Epoch releases MirrorCode with 25 long-horizon SWE tasks and a 56% score
Epoch introduced MirrorCode, a benchmark where models reimplement real programs from specs with no internet and hidden held-out tests; the best current score is 56%. The setup matters because it scales inference into multi-day runs and targets software jobs estimated to take humans weeks.

TL;DR
- Epoch AI's new MirrorCode launch thread frames software reimplementation as a long-horizon benchmark, and Epoch AI's score post says the best current headline score is 56%, from Claude Opus 4.7.
- In MirrorCode, models get only a program's behavior, docs, and tests, because Epoch AI's setup post says they must rebuild the software without source access, while Epoch AI's anti-cheating post adds hidden held-out tests and no internet.
- The benchmark spans 25 real programs, because Epoch AI's task list says the targets range from Unix utilities to cryptography, and Epoch AI's release post says 22 of those 25 are being open-sourced.
- Epoch's most vivid example is Epoch AI's gotree example, where Opus 4.7 reimplemented a 16,000 line bioinformatics toolkit in 14 hours for $251, on work Epoch estimates would take a human engineer 2 to 17 weeks.
- MirrorCode also pushes inference budgets far past normal SWE evals, because Epoch AI's inference-budget post says one run lasted 19 days and cost $2,600, while Epoch AI's benchmark-design post argues that scale is necessary to measure current limits.
You can jump from Epoch's leaderboard and full paper to Ethan Mollick's paper screenshot, which includes the abstract and chart, and the oddest detail in the whole release is probably Epoch AI's language post, where performance barely moved across languages, including Ada.
Benchmark design
MirrorCode is narrower than "general coding agent" evals and more ambitious than short-task bugfix suites. Epoch AI's setup post says the model gets execute-only access to a program, its docs, and tests showing intended behavior, then has to reimplement the whole thing from scratch.
That setup creates three constraints Epoch keeps emphasizing:
- No original source code, according to Epoch AI's setup post.
- No internet access and no scorer hacking, according to Epoch AI's anti-cheating post.
- Hidden held-out tests during development, according to Epoch AI's anti-cheating post.
Epoch's claim is that this makes the benchmark both hard and realistically solvable. Epoch AI's solvability post contrasts MirrorCode with reverse-engineering style evals that can hinge on undocumented behavior, while Epoch AI's benchmark-design post reduces its pitch to three properties: difficult, scalable, and resistant to cheating.
25 programs, a 56% ceiling, and one standout run
The task set is broad enough to avoid becoming a thin wrapper around web app CRUD. Epoch AI's task list says the 25 targets cover Unix utilities, data serialization and query tools, bioinformatics, interpreters, static analysis, cryptography, and compression.
The headline number is still far from saturation. Epoch AI's score post says Claude Opus 4.7 leads the benchmark at 56%, and adds that failed runs often still clear 90% or more of tests before breaking on edge cases.
Epoch's showcase example is gotree. Epoch AI's gotree example says Opus 4.7 passed 2,000 of 2,001 tests, or 99.95%, while rebuilding a 16,000 line Go bioinformatics toolkit with more than 40 commands. Epoch estimates that same job would take a human engineer 2 to 17 weeks, versus 14 hours and $251 for the model run.
Mollick's summary mostly tracks the release, but his post is useful because it surfaces the paper screenshots and makes the benchmark's core bet plain: measure the largest end-to-end coding jobs models can finish autonomously, not just whether they can patch a repo in one sitting.
Long runs and bigger budgets
MirrorCode is partly a benchmark design argument about spending. Epoch AI's inference-budget post says many SWE benchmarks cap inference at roughly $1 to $10 per task, even when the underlying work would take a skilled human weeks.
Epoch instead lets runs stretch into multi-day or multi-week territory. The same Epoch AI inference-budget post says one of the longest attempts ran for 19 days and cost $2,600.

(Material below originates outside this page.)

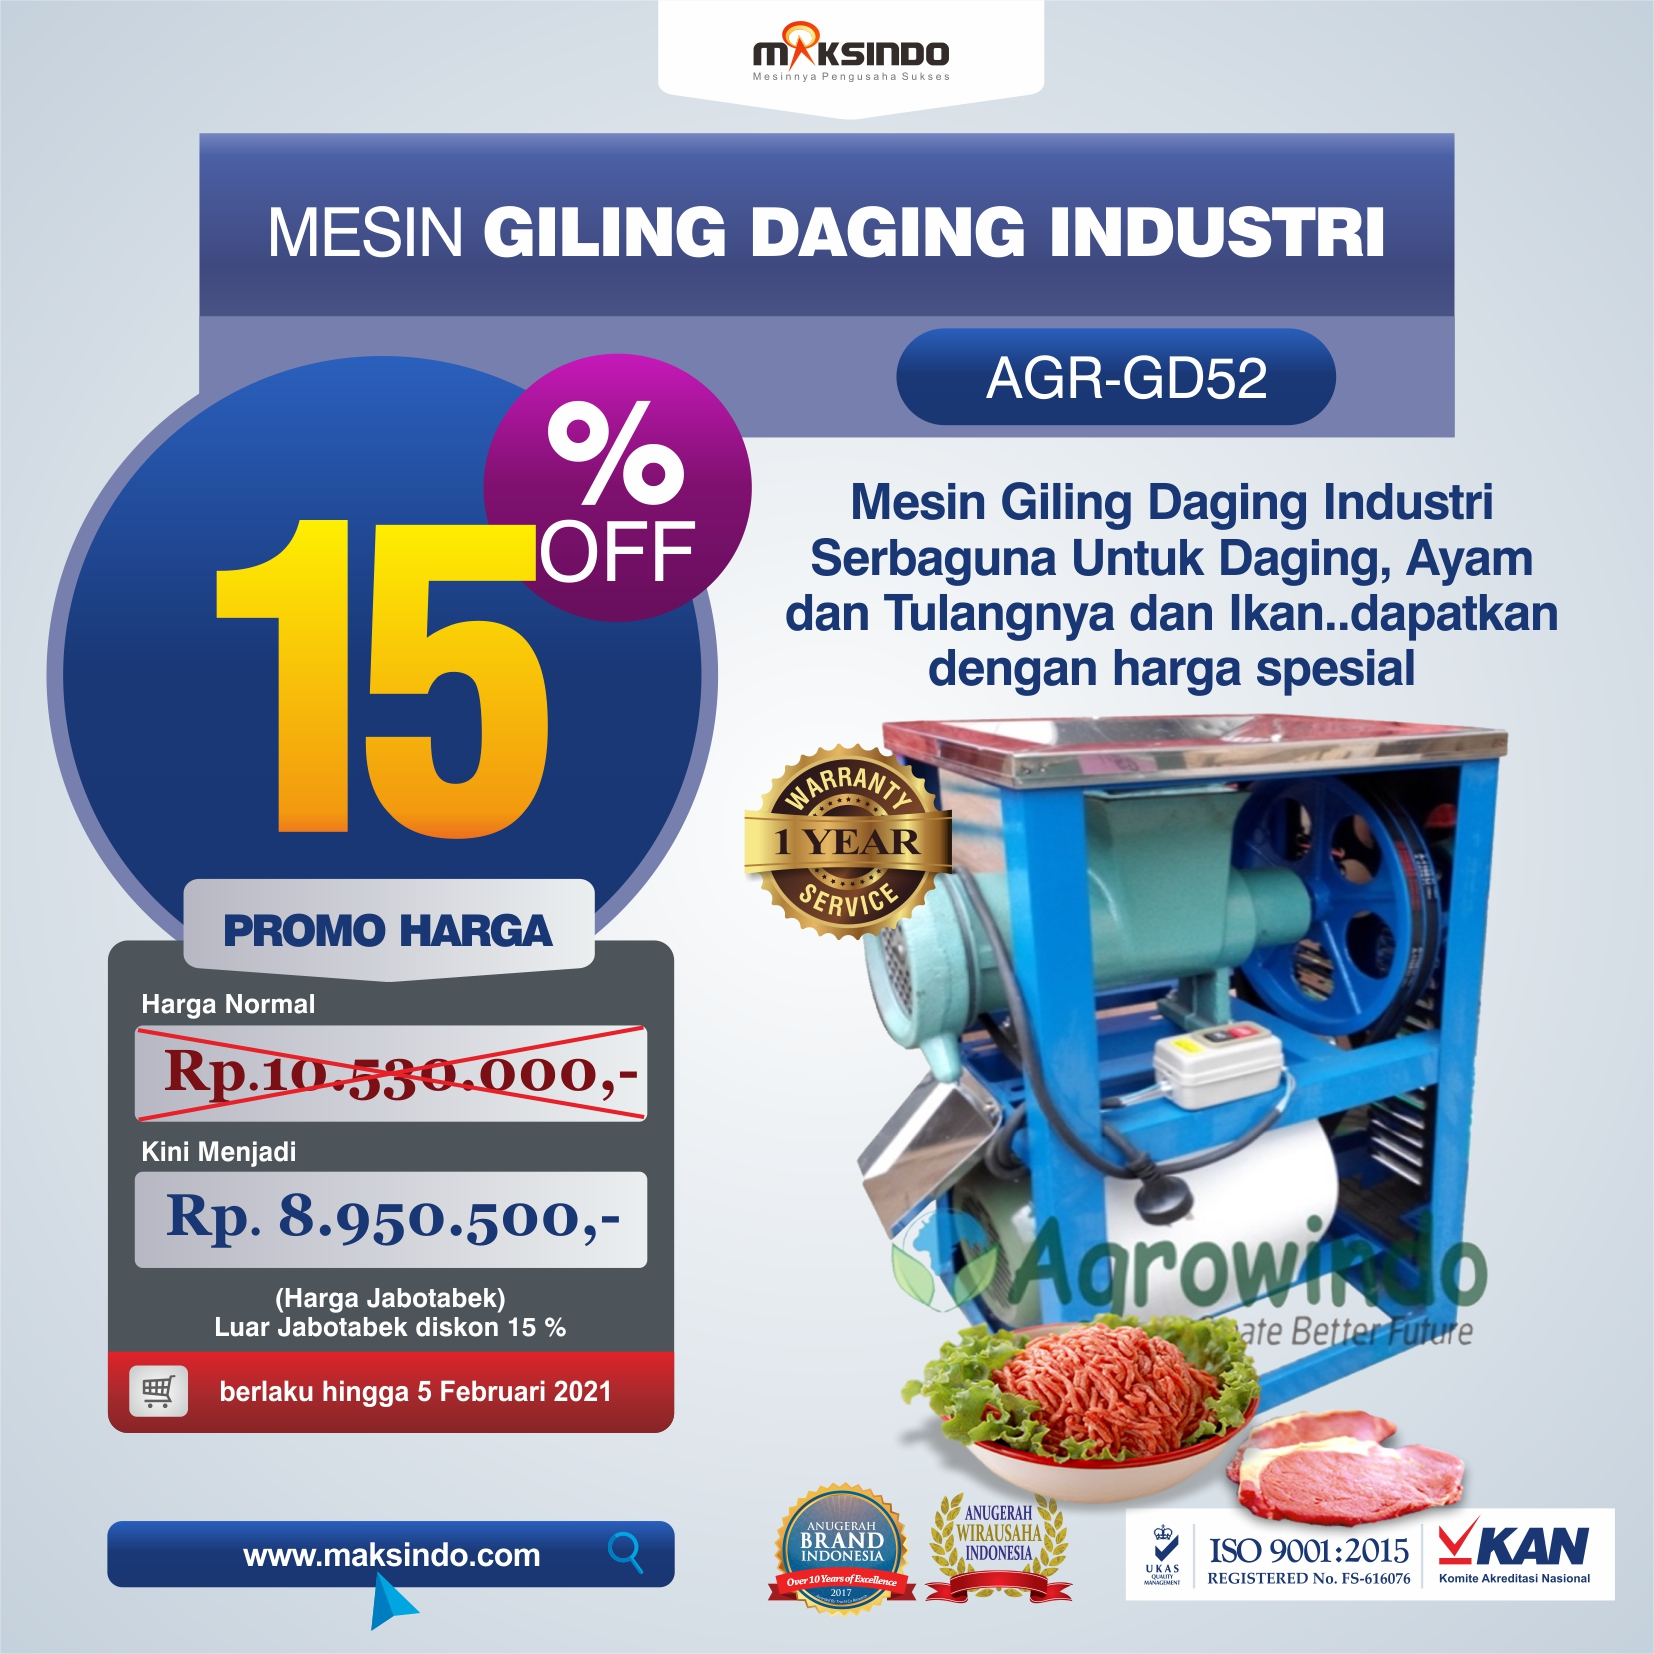 Jual Mesin Giling Daging Industri (AGR-GD52) di Bekasi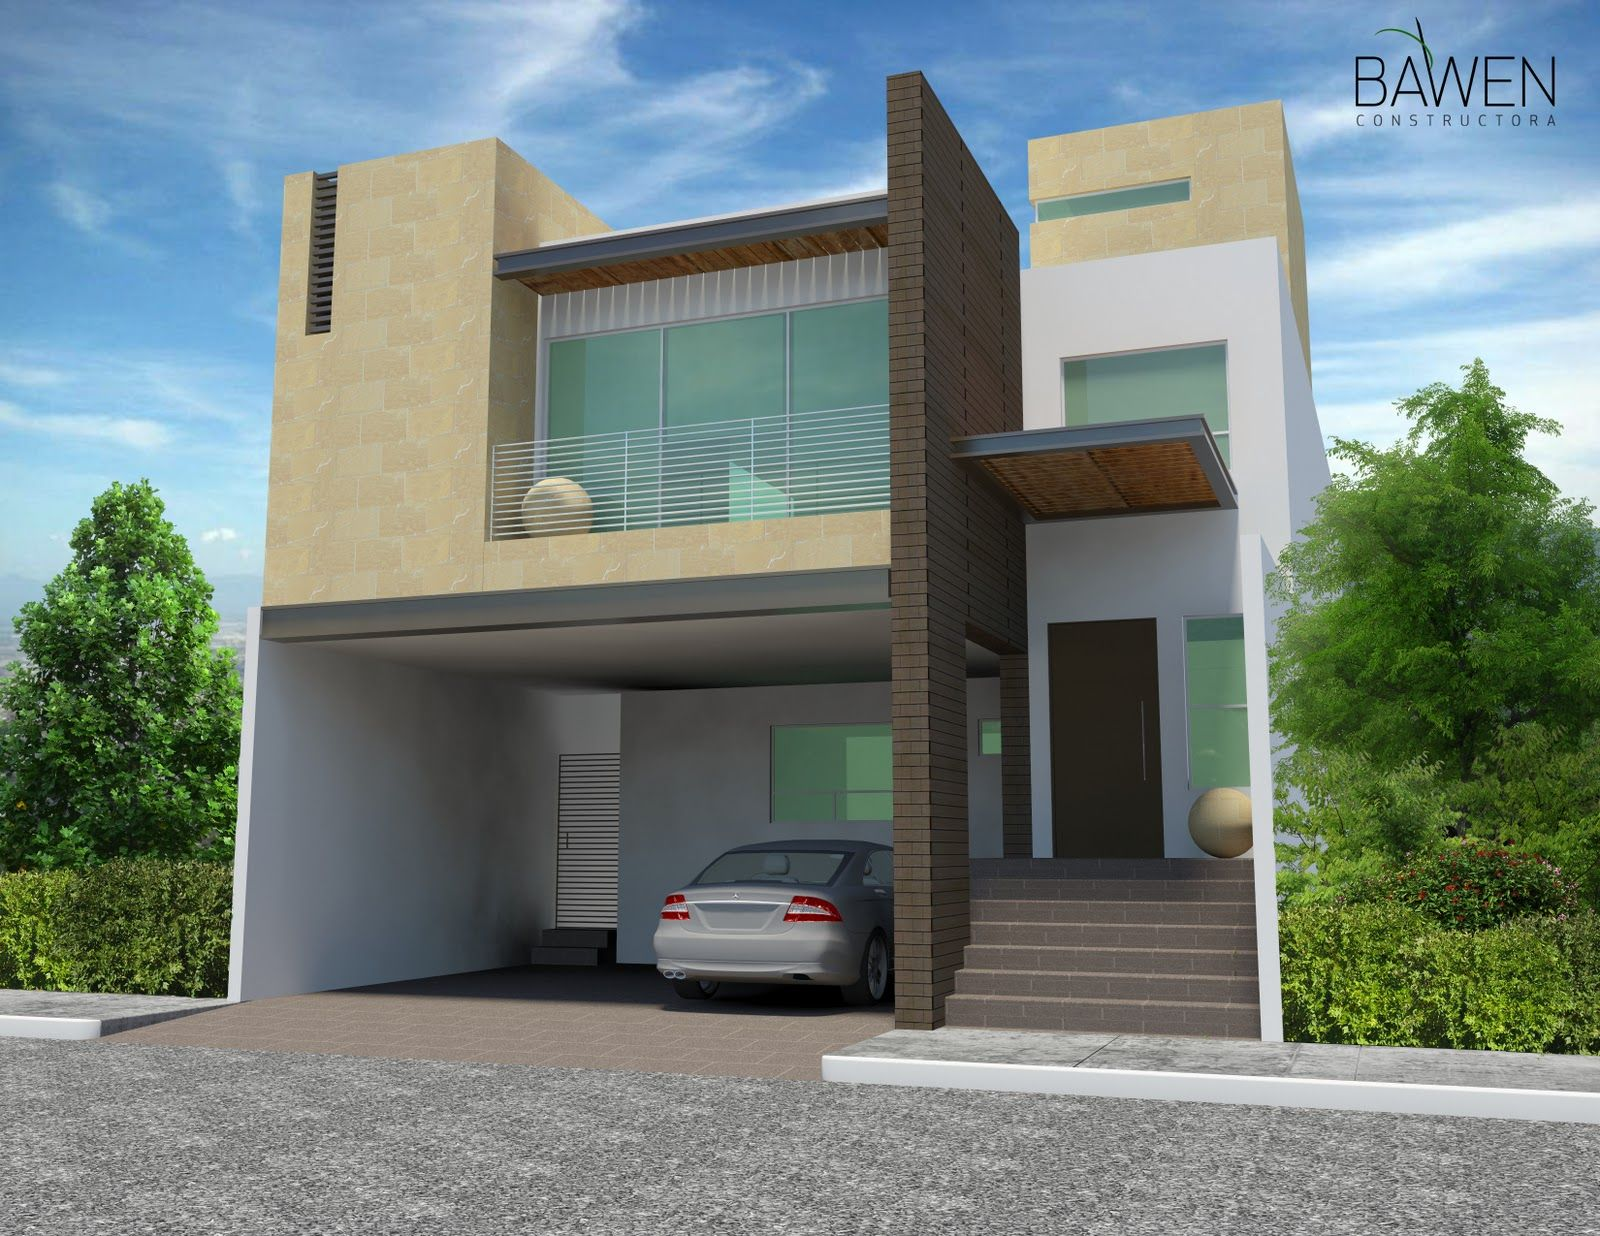 Renders fachadas casas modernas genuardis portal mi casa for Fachadas de casas modernas puerto rico

That changes what the benchmark is actually testing. Short-horizon evals mostly measure whether a model can find the right local move quickly. MirrorCode is trying to measure whether an agent can stay coherent long enough to ship a real replacement program when the search process itself is expensive.
Open release and language coverage
Epoch is not keeping most of the benchmark private. Epoch AI's release post says 22 of the 25 programs are being released as open source, while three stay held out.
That held-out split matters because the benchmark is explicitly built around anti-overfitting, and Epoch's leaderboard and paper page is where Epoch says future results will live. The same Epoch AI's paper-and-leaderboard post notes MirrorCode was co-developed with METR and supported by a METR grant.
Epoch also used the benchmark to probe something more specific than the launch headline. Epoch AI's language post says MirrorCode showed little sign that programming language meaningfully changed model performance, even for obscure languages like Ada.